A coin that comes up heads with probability p and tails with probability 1 − p is flipped.

It comes up heads, an item is removed from the H box, and each time it comes up tails 

Item is removed from the T box 

The solution will be shown below,

$E\left[X\right]=\sum _{i=1}^{n+m} E[X\mid Y=i]P\{Y=i\}$

$=\sum _{i=0}^{n+m} E[X\mid Y=i{]}^{n+m}{C}_i{p}^i(1-p{)}^{n+m-i}$

If the numeral of Heads in the first $\mathrm{n}+\mathrm{m}$ flips is $\mathrm{i},i\le n$, Then many more flips is the numeral of flips needed to receive additional (n-i) Heads.
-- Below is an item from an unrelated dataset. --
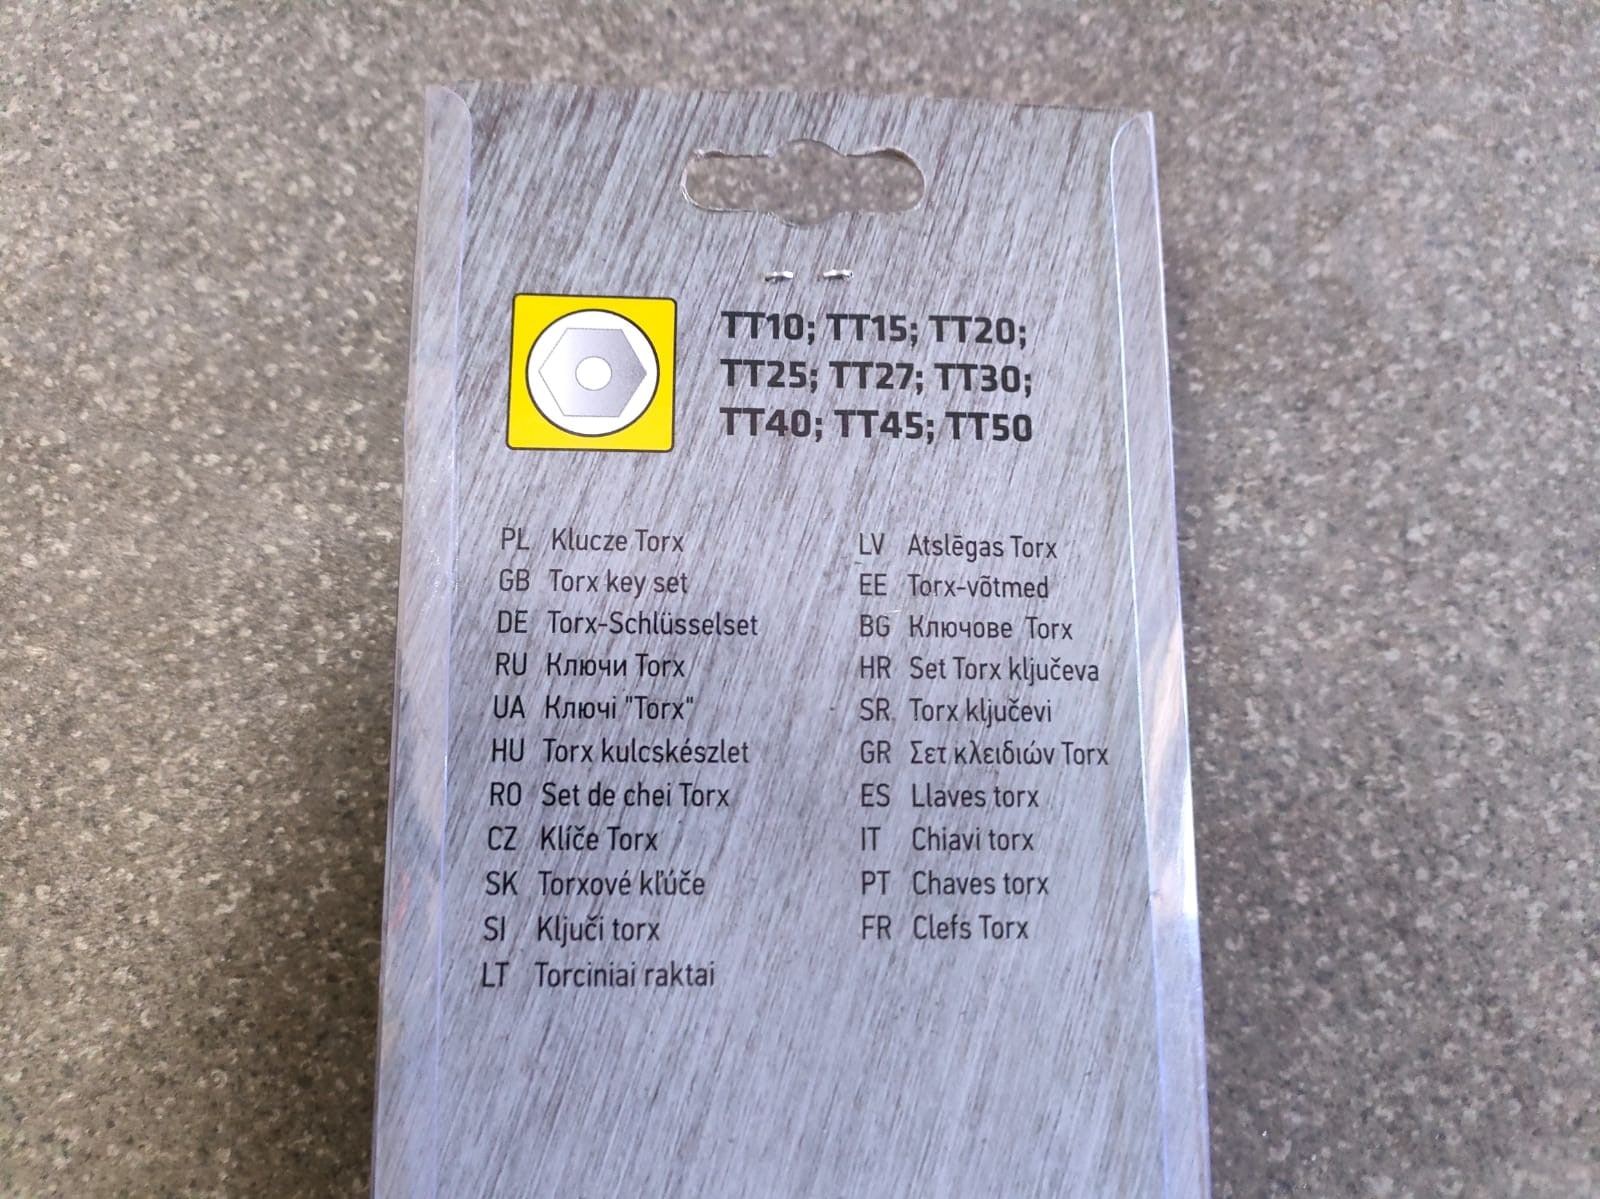 Набор ключей звездочек с отверстием torx TOPEX размер T10 - T50 (9 шт)

Similarly, if the number of Heads in the first $n+m$ flips is $i, j>n$, then because there would keep existed a total of $n+m-i<m$ tails, the numeral of more flips is the number required to receive an additional ($\mathrm{i}-\mathrm{n}$) Heads. Since the number of flips needed for j outcomes of a particular type is a negative Binomial Random variable whose mean is j divided by the probability of that outcome,

Therefore,

$\mathrm{E}\left[\mathrm{X}\right]=\sum _{i=0}^n {\left(\frac{n-i}{p}\right)}^{n+m}{C}_i{p}^i(1-p{)}^{n+m-i}+\sum _{i=n+1}^{n+m} {\left(\frac{i-n}{1-p}\right)}^{n+m}{C}_i{p}^i(1-p{)}^{n+m-i}$

The expected number of coin flips needed for both boxes to become empty is $\mathrm{E}\left[\mathrm{X}\right]=\sum _{i=0}^n {\left(\frac{n-i}{p}\right)}^{n+m}{C}_i{p}^i(1-p{)}^{n+m-i}+\sum _{i=n+1}^{n+m} {\left(\frac{i-n}{1-p}\right)}^{n+m}{C}_i{p}^i(1-p{)}^{n+m-i}$.